Read more on Yahoo News: Tim Scott and Nikki Haley argue about curtains in GOP debate, via The Independent
2. Another good night for Haley
For the last nine months, Trump has relentlessly attacked Florida Gov. Ron DeSantis, who was an establishment favorite after decisively winning reelection last year. But after Wednesday’s debate, the Trump campaign attacked another candidate: Nikki Haley, former South Carolina governor and former U.S. ambassador to the United Nations (during the Trump administration).
In an email sent at the conclusion of the debate, Trump’s campaign singled out Haley, comparing her to Hillary Clinton, calling her “weak on immigration” and suggesting she had been disloyal by pointing to statements she made in 2021 about not running for president in 2024 if Trump did.

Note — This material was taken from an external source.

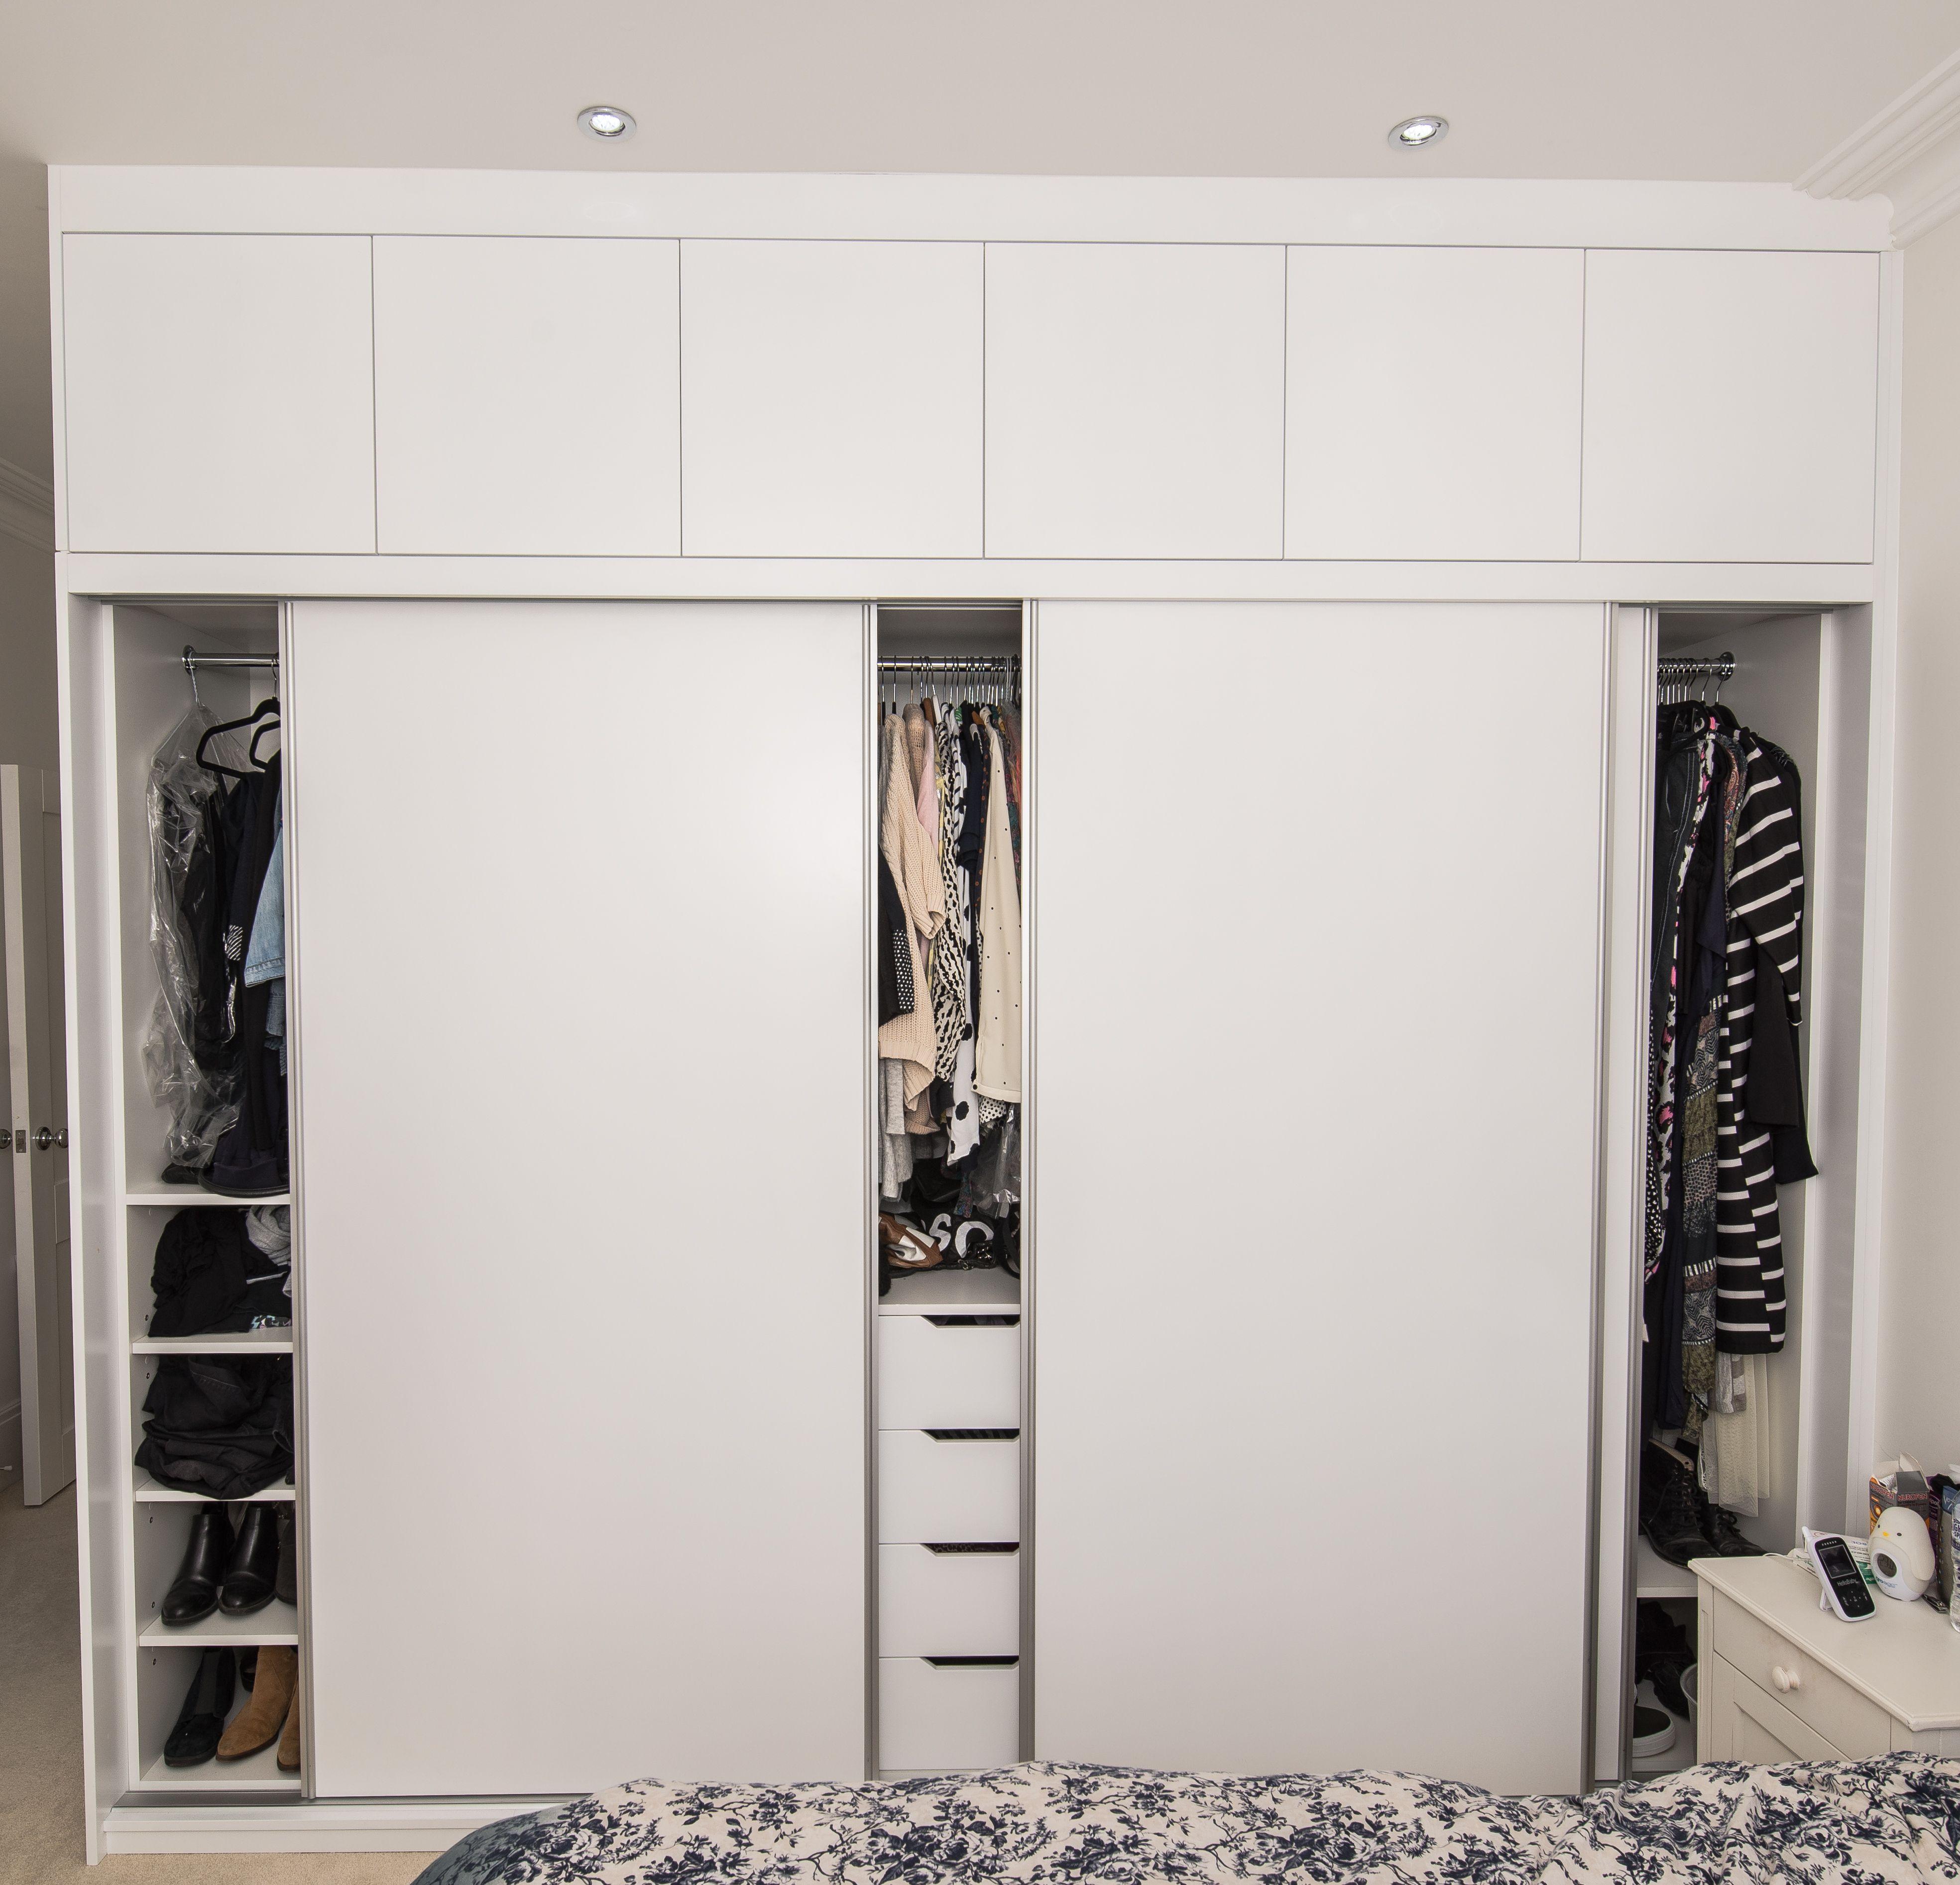 Custom Sprayed Bespoke Built In Sliding Door Wardrobe In White Eggshell Finish Inside You Can Find Hanging Wardrobe Storage Bedroom Wardrobe Built In Wardrobe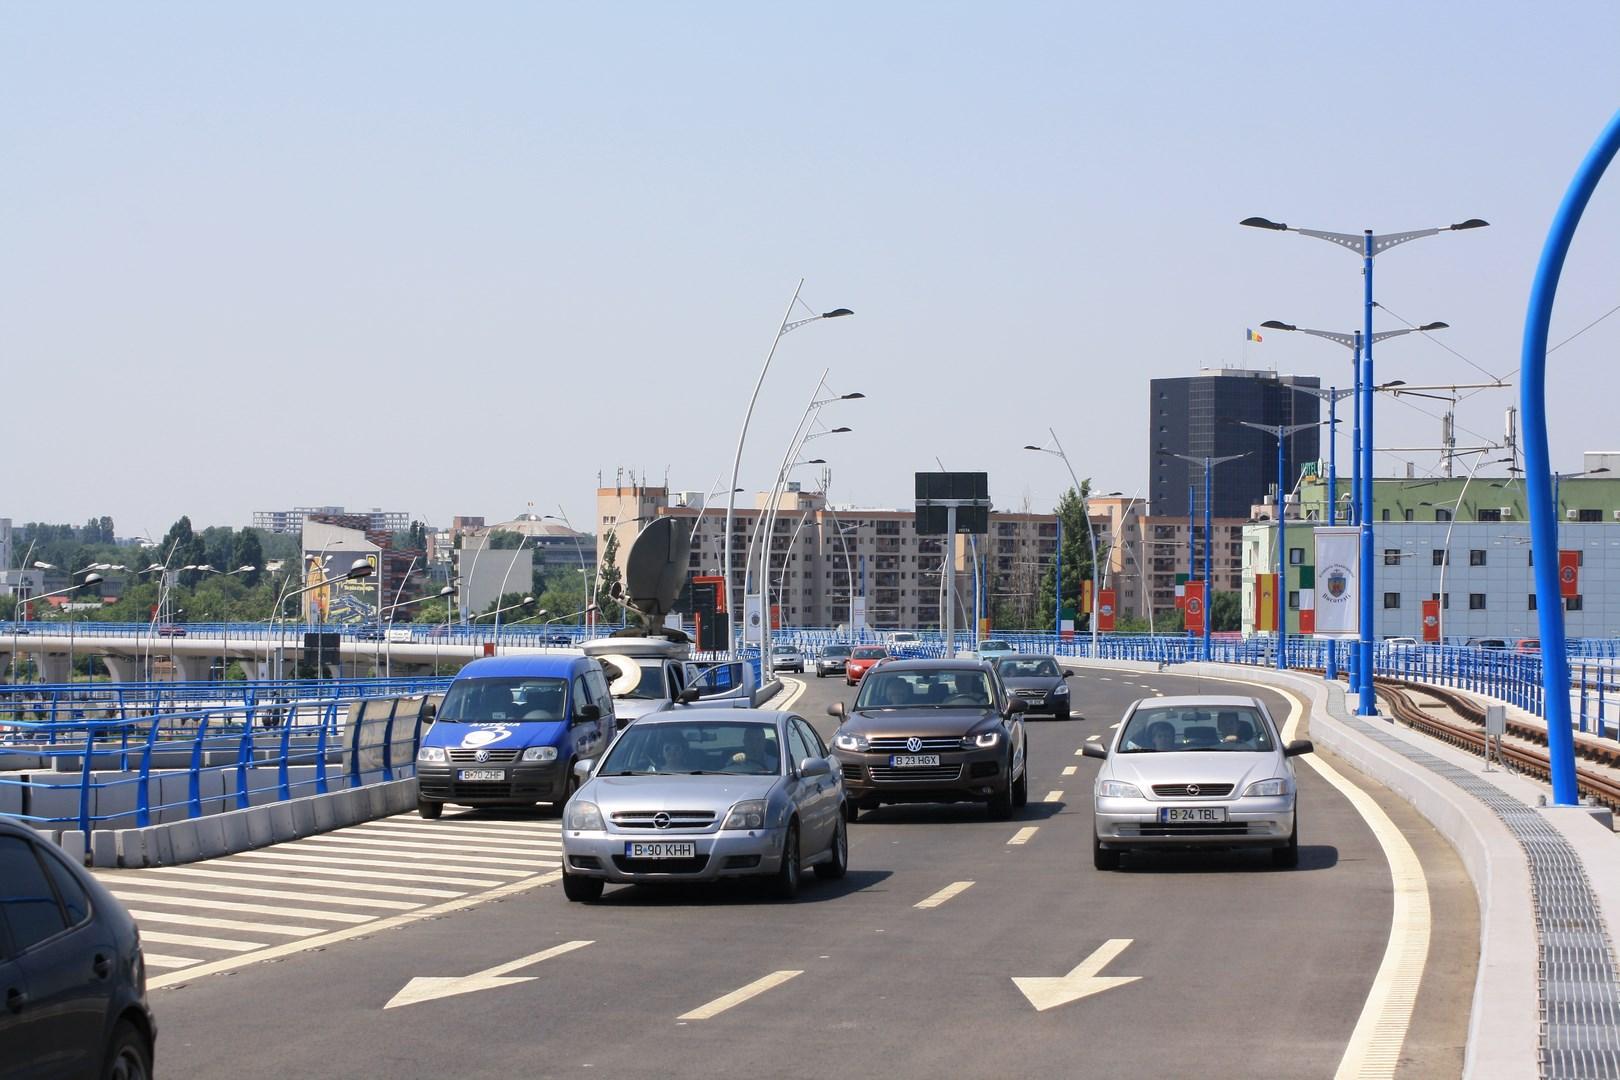 Viaducto Basarab tráfico rodado

It was a sign that, for a second straight debate, Haley had made the most convincing case for a non-Trump, not-quite-anti-Trump, sort-of-post-Trump nominee. In one memorable exchange, she leveled entrepreneur Vivek Ramaswamy with a shattering uppercut: “Honestly, every time I hear you, I feel a little bit dumber,” she said about his views on the social media app TikTok. She also sparred aggressively with Sen. Tim Scott, a fellow South Carolinian, and DeSantis, who seemed unprepared for the intensity of her attacks.
Read more on Yahoo News: Nikki Haley is only GOP presidential candidate to decisively beat Joe Biden in new poll, via NextShark
3. DeSantis does well, but probably not well enough
DeSantis was once compared by pundits to Reagan, the iconic conservative president in whose library Wednesday night’s debate took place.
Obviously aware that his unwillingness to directly take on Trump was hampering his prospects by calling into question his pugnacious brand, DeSantis took on the frontrunner, and his political mentor, directly.
“Donald Trump is missing in action. He should be on this stage tonight. He owes it to you to defend his record,” DeSantis said. For the most part, he refused to recede into the background, as he did during the first debate. However, with his poll numbers dropping and donors fleeing, he did little to make the case that he is the best candidate to take on Trump.
Haley’s ascent only added to his travails.
Read more on Yahoo News: How DeSantis’s early missteps hobbled his U.S. presidential bid, via Reuters
4. Scott awakens
When he first announced his run for the presidency, Scott — the lone Black Republican in the U.S. Senate — engendered instant support from senior Capitol Hill conservatives, who compared him to Reagan. But after several months of campaigning, he had failed to attract voters’ excitement.
Wednesday saw Scott show what, exactly, makes him a favorite of so many conservatives. “I have been discriminated against, but America is not a racist country,” he said, offering a fundamentally optimistic vision of the state of the nation. He also suggested that President Lyndon B. Johnson’s social programs, known collectively as the Great Society, did more to harm the Black family than chattel slavery — a potentially controversial argument that may nevertheless find traction on the right, especially at a time of backlash to the racial reckoning that began in 2020.
“Tim Scott just delivered exactly what his supporters have been waiting for,” Republican pollster Frank Luntz wrote on the X platform. “Rejecting American racism in favor of American Exceptionalism is one of the best lines of the entire campaign, and it was delivered with the passion and emotion that make it memorable.”
Read more on Yahoo News: Tim Scott is the top Black Republican in the GOP presidential primary. Here's how he discusses race, via the Associated Press
5. But nothing really changed
After two hours of shouting, arguing and pontification, what ultimately changed about the dynamics of the GOP primary race?
Trump remains the prohibitive favorite to secure the party’s presidential nomination, while Haley, DeSantis, Ramaswamy and others continued to compete for voters who are firmly or somewhat against Trump. Their rancorous performance on Wednesday night gave their respective supporters some of the fuel they needed, which means the field will continue to be crowded and sharply divided. And that, ultimately, only helps Trump.
Simply by not showing up, he may have won again.